The left part of Fig. 5 shows the precision-recall curve at varying fusion score cutoffs for different fusion sizes. We see that 100-400 base pair fusions (bottom) are hard to detect with any fusion score cutoff, and the recall saturates at 15%. The high error rate and short length of the reads stops them from being aligned in the tentative fusion phase, which prevents the pipeline from detecting the fusions. However, 400-700 base pair fusions (middle) are detected, and the recall reaches up to 87%. For the longer fusions of 700-1000 base pairs (top), recall reaches up to 95% and precision around 80%. Based on the curves, we chose 200 as the default fusion score cutoff, as that achieves a precision of 78% and recall of 90% for large fusions.
The right part of Figure 5 shows the number of detected fusions (true positives) as a function of fusion length at different phases of the fusion detection pipeline. These experiments also show that our three-step approach progressively removes false positive fusion events: while there are 28,696 false positive predictions in the tentative step, this number reduces to 49 in the graph step and further down to 20 in the final step. We see that shorter fusions are not detected even in the tentative fusion phase; this is most likely due to the high error rate preventing short alignments from being found. Once the fusion size grows above 400 bp, the set of tentative fusions contain most of the fusion events. Importantly, the fusion graph approach removes only a small fraction of true fusions, while removing almost all false positives from the tentative fusions. The fusion score cutoff further removes more false positives, but at the cost of removing shorter true positives as well.
Fusion detection on real data
We ran the fusion detection pipeline on the two datasets: NA12878 and K562. The NA12878 functions as a control, as we do not expect to see any fusions in that dataset. K562, on the other hand, is a highly rearranged cancer cell line [38] with a known BCR-ABL1 fusion.

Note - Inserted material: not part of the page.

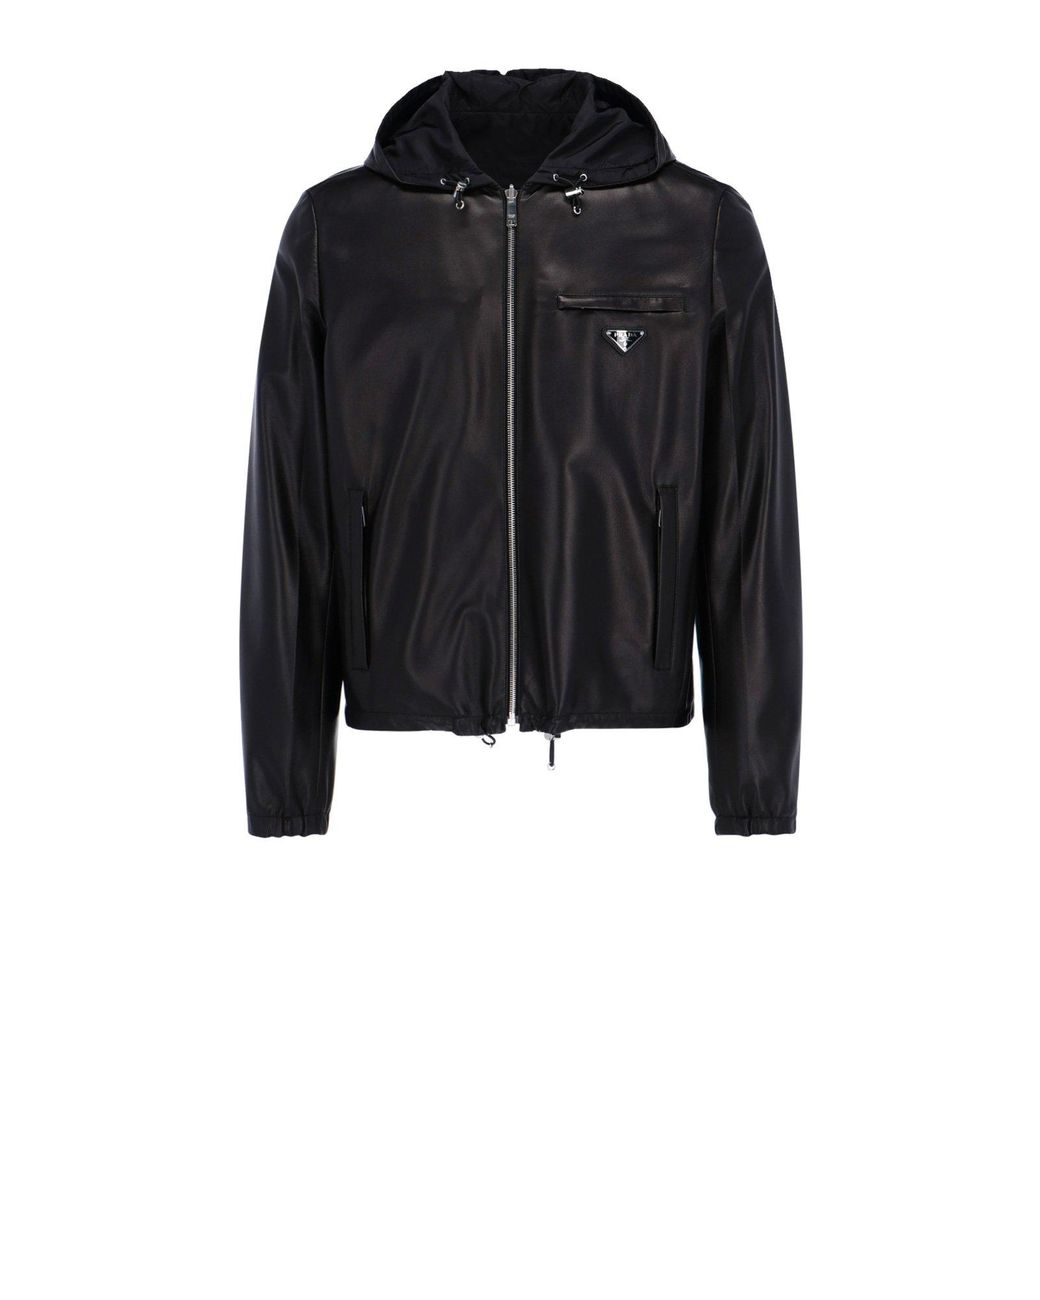 Prada Leather Reversible Hooded Blouson Jacket in Black for Men - Lyst

We used predictions which were supported by at least two reads, resulting in 25 events for K562 and 24 for NA12878. We then further manually curated the predictions in three steps. First, we removed all fusions involving a mitochondrial gene and removing fusions between a gene and its own pseudogene, leaving 16 events for K562 and 14 for NA12878. Then we used IGV [39] to visually inspect the alignments of the reads to the predicted fusion transcripts generated by the pipeline, and discarded events where the alignments to one of the genes seemed noticeably worse than the other or the read coverage over the breakpoint was noticeably less than for either of the genes. Supplementary Figure S7 shows an example of an event that was rejected based on the IGV visualization. After IGV visualization, 15 events were left for K562 and 9 for NA12878. Since some transcripts can have similar sequences, the high error rate of the reads can cause a false positive fusion prediction between the two transcripts due to sequence similarity. In this case, the predicted fusion transcript should be similar to a reference transcript, because it reflects a reference-guided consensus between the long reads. Hence, the average error rate of the fusion transcript is much lower than the input reads and therefore easier to align with traditional methods. In order to detect transcripts not annotated in the Ensembl release, we used the BLAST webserver to align the predicted fusion transcripts to the human reference genome (GRCh38.p12) and transcriptome (NCBI Homo sapiens Annotation Release 109). We discarded events that mapped to an existing transcript including the fusion breakpoint and retained 8 events for K562 and 2 events for NA12878.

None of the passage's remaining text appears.